Cada vez que la observo, resistente y delicada; original, rara, exquisita…no dejo de recordar la última vez que estuve en Bolonia –capital de la Emilia Romaña– donde se encuentra la Universidad más antigua del mundo occidental, fundada en el siglo XI –año 1088- y donde se inventó la mortadela, pero ¡la auténtica! La ciudad del norte de una Italia bella, clásica, a veces confusa, díscola en ocasiones, complaciente, disidente, siempre religiosa, ácrata por situaciones, tradicional por estilo, moderna por necesidad, artística, innovadora, variable…. Todavía inhalo los olores de sus mercadillos, de los pequeños comercios que se ocultan en los vericuetos de las callejuelas angostas, estrechas, que circundan la zona histórica. Aún me llegan, sí, me llegan, las percibo, cierro los ojos e inspiro esencias de verduras, hortalizas y frutas variadas y frescas; recién arrancadas -con mimo pero constancia- de un campo fecundo que sorprende por ser más verde de lo que se espera. Juntas, arremolinadas, se exponen con descaro ante la gente, provocadoras, haciéndose notar hasta hacernos caer rendidos por sus fragancias y sus sabores deliciosos, profundos… diversos.
Son numerosas las pequeñas tiendas que ofertan viandas, coloristas y sabrosas, acogidas en cestas de mimbre viejo y raído, con las que se hace la intensa salsa que se originó en la región, la Bolognesa, que algunos denominan –«ragù clásico bolognese«-, compañía siempre inseparable de una pasta, (tagliatelle a la bolognese o tortellini a la bolognese) considerada universalmente alimento tierno y saciante y que en las tardes frías de la Bolonia adusta, se puede degustar en innumerables trattorias cálidas y confortables, diseminadas por un casco histórico con marcados y extensos rasgos medievales, atrapando con las emanaciones de los fogones -siempre calientes- a numerosos viandantes que no pueden estar sino cansados de admirar edificios antiguos con reminiscencias académicas y notables.
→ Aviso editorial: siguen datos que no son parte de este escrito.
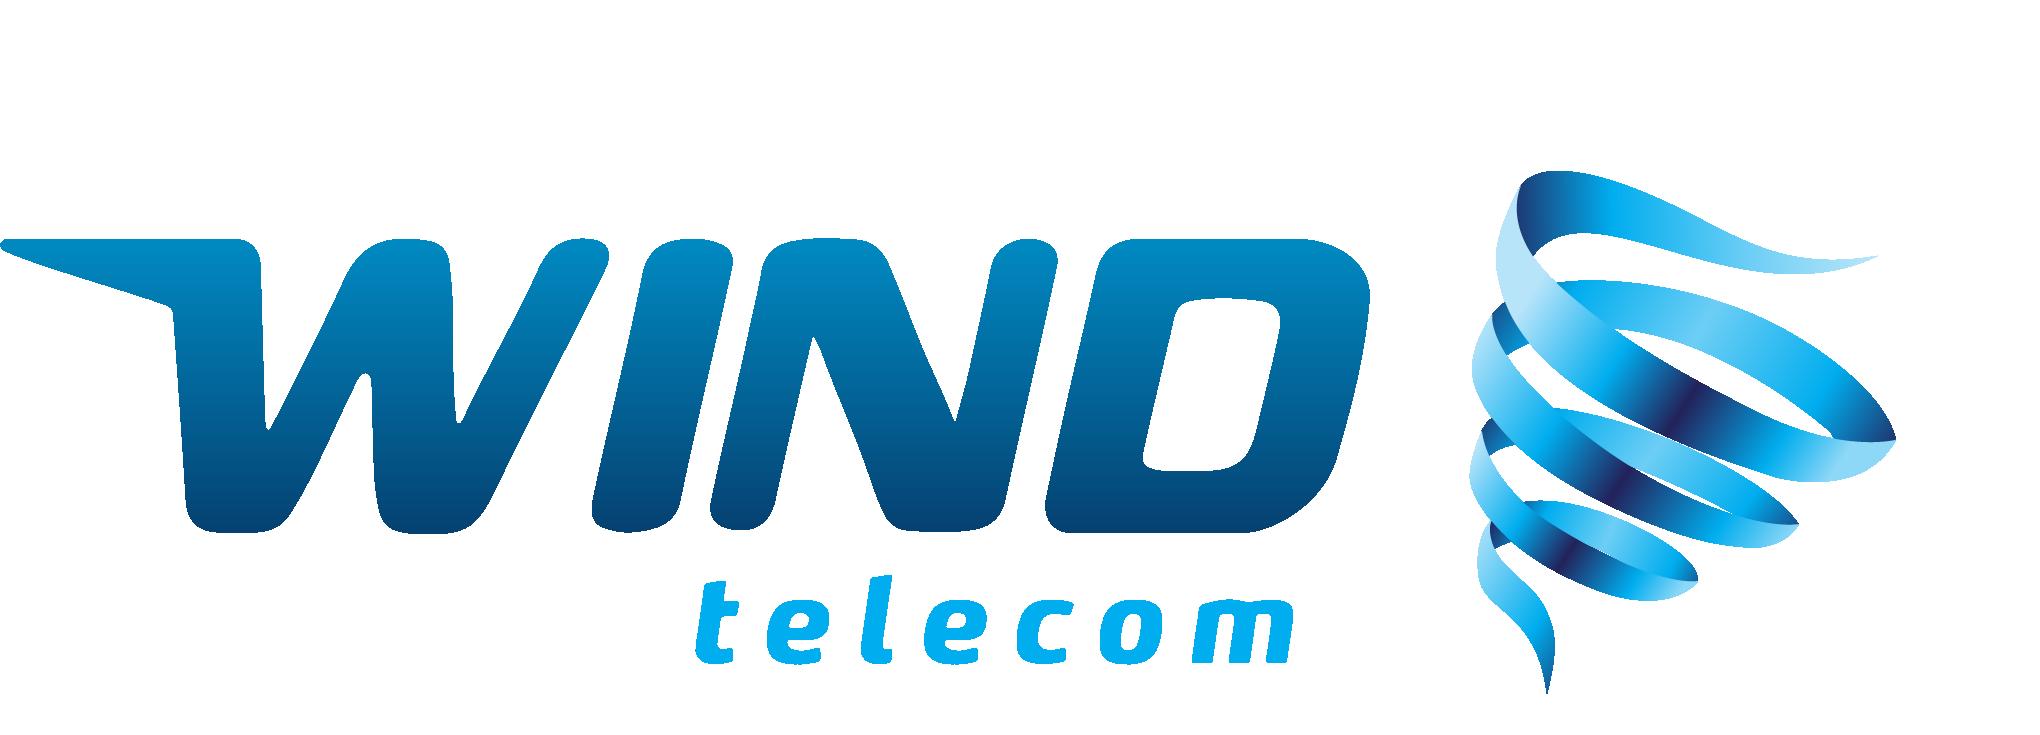 Partners - image Wind-Telecom-Logo on https://gcs-international.com

Recorro la Bolonia universitaria y señorial, la de plazas, torres altivas y empinadas de ladrillo rojizo, también la de los rincones, la que veía extrañada cómo un personaje pintoresco y serio, exquisitamente culto, la miraba con arrojo para después hacer apología de ella. El profesor que la hizo más bella y más conocida de lo que en realidad ya es y acabó por elevarla a la categoría de diosa, lo mismo que dios es el Neptuno que domina la maravillosa fuente de una de sus principales plazas, y que obliga a detener un recorrido lento y nostálgico por los monumentos.
Vuelvo a mirar mi pequeña libreta, sí, porque ahora es mía, me pertenece, constato sus tapas duras, me recreo en su encuadernación de otrora, como antigua simula ella, como si tuviese mi personal ex libris grabado a fuego, y me enamoro de su dibujo dieciochesco sobre tela ruda pero agradable. Ya la considero mi tesoro imprevisto, el que se encuentra -sin querer- dentro de una agenda programada y milimétrica de paseos, visitas y descubrimientos. La hallé sin darme cuenta, estaba casi oculta en una discreta librería -oscura y camuflada- del centro; era insignificante y humilde, distinta del resto, de las otras, de las que eran iguales al conjunto, las que se habían mimetizado, las que se negaban a ser diferentes. Ella destacaba, sí, y me atrapó. Allí pondría ahora mis notas, mis observaciones, mis apuntes, mis sueños…aquello que quería rescatar para mi memoria, plasmar en escritos, susurrar a los amigos, difundir al Universo. Ahora la guardo, la escondo, la protejo en una fortificada cómoda de casa, para que cada vez que la roce, que la añore, que quiera tenerla cerca, que la acaricie como se merece, aprecie las mismas sensaciones que ahora yo transmitirles –al menos- intento.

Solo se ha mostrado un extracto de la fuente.